As the nation breathes a collective sigh of relief this week that hurricane Gustav was not the “mother of all storms,” it still was a significant disruption to Louisiana and the New Orleans area. It is also the latest reminder to Information Technology management on the necessity for continual assessment of disaster recovery (DR) planning and execution.
I would venture to guess that healthcare information technology’s disaster recovery plans are more robust for data than they are for imaging. The April 2005 HIPAA regulations for safeguarding electronic protected healthcare information (ePHI) have as much implication for imaging services as they do for other patient information, but potentially add another level of complexity to IT plans for compliance.

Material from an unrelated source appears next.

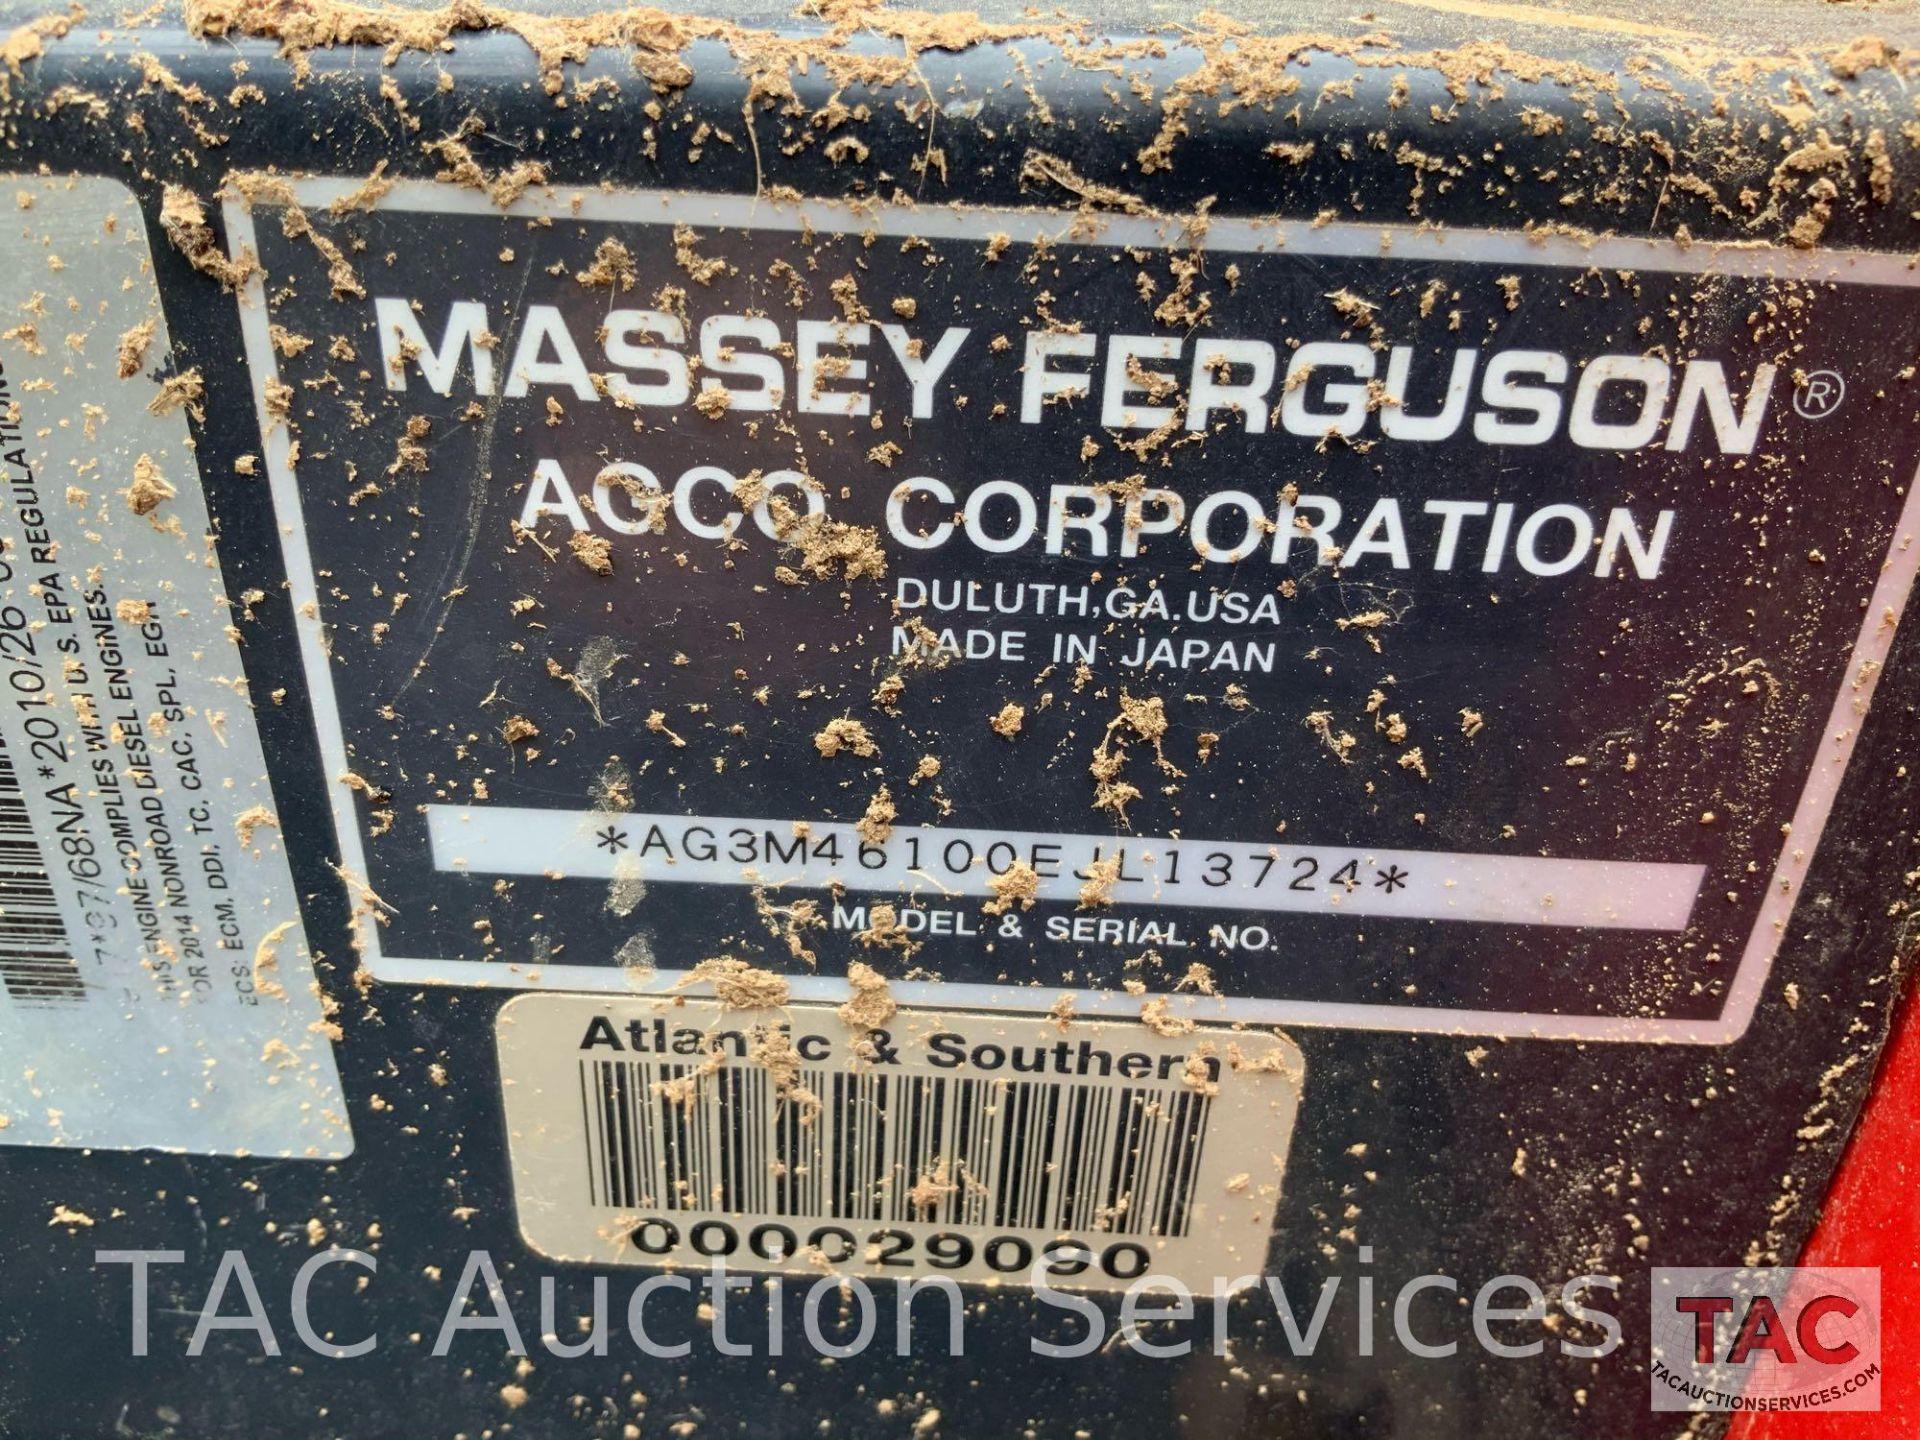 Massey-Ferguson 4610LP Farm Tractor - Image 26 of 26

I’d like to spend a few minutes exploring a few aspects that relate to the inclusion of imaging in IT disaster recovery plans.
Multitude of Data Sources
Has IT identified how many imaging sources exist within the enterprise that may need to be addressed in a disaster recovery plan? The likelihood is that if the facility does not have a PACS, imaging data may be stored at the modality. These MOD’s, CD’s or DVD’s are most likely not considered when looking at DR requirements, but they represent electronic patient data, and should be considered. I have recent experience with two sites that do not yet have a PACS, but are archiving CT, MRI, and Ultrasound on DVD’s – one goes in the patient chart and one is used as a backup. Unfortunately, the backup is merely that, and it is not managed from a true DR perspective, as it is stored on site. But at least the sites have considered the need for redundancy of data.
Similarly, I have been in a number of cardiac labs that store data on MOD’s or DVD’s, and have them neatly (or otherwise!) stored on a shelf in the control room. In these cases, there is no backup or DR plan. I am sure there are many other examples including Echocardiography and GI videotapes, sleep lab data, etc. that represent un-cataloged imaging information that under HIPAA should be addressed as part of a DR plan.
DR Test Plan
I have asked a number of sites during imaging evaluations if they have a disaster recovery plan. Usually, they will say they have a policy and are creating redundant data. When asked if they routinely test the plan, there are a lot of “deer in the headlights” stares. I frequently ask these same people if they have a digital camera and any digital images on their home PC, and if they have ever made a backup copy on a CD or DVD. Usually, people will say yes to creating a copy, but few can respond positively if they have actually tested the media to assure that the images were properly written to it.
This is a significant problem – especially for areas outside of IT’s direct control. It’s a daunting challenge to consider how all of these individual areas would be coordinated to address a true DR plan, as well as the testing of backup to assure recovery. Another significant factor is the resource required to do the testing. Chances are IT has resources assigned to DR policies and plans. But the likelihood is these are insufficient to conduct a thorough test of backups. And, clearly, should a disaster strike; are resources sufficient to result in a timely recovery?
The Cost
How does one put a price tag on compliance and what is the risk of non-compliance? I suppose it depends on geography and circumstances. Certainly healthcare IT in Florida and Louisiana are much more sensitive to the issue than healthcare IT in the Midwest. But perhaps while the risk is greater, the result of a tornado ripping through a hospital is the same whether it is Iowa or Florida. One has to use common sense in terms of determining the means of transport and location for data to be “out of harm’s way.”
The other cost factor that will need to be considered is that imaging data is considerably denser than other patient data, so the cost of managing DR for imaging will naturally be more expensive than for textual data. This is often overlooked in planning for imaging services, but perhaps in areas of high probability, it needs to begin to be taken into account. Services that may be economical for other data may need to be reconsidered for imaging, and alternatives found.
So, I ask, does imaging raise the bar for DR? Most certainly it does! IT management should reassess its DR plans to take into account the impending impact of imaging. New and creative solutions will need to be identified if Information Technology is to be prepared to effectively and economically address imaging in DR plans. Gustav may be just another wakeup call.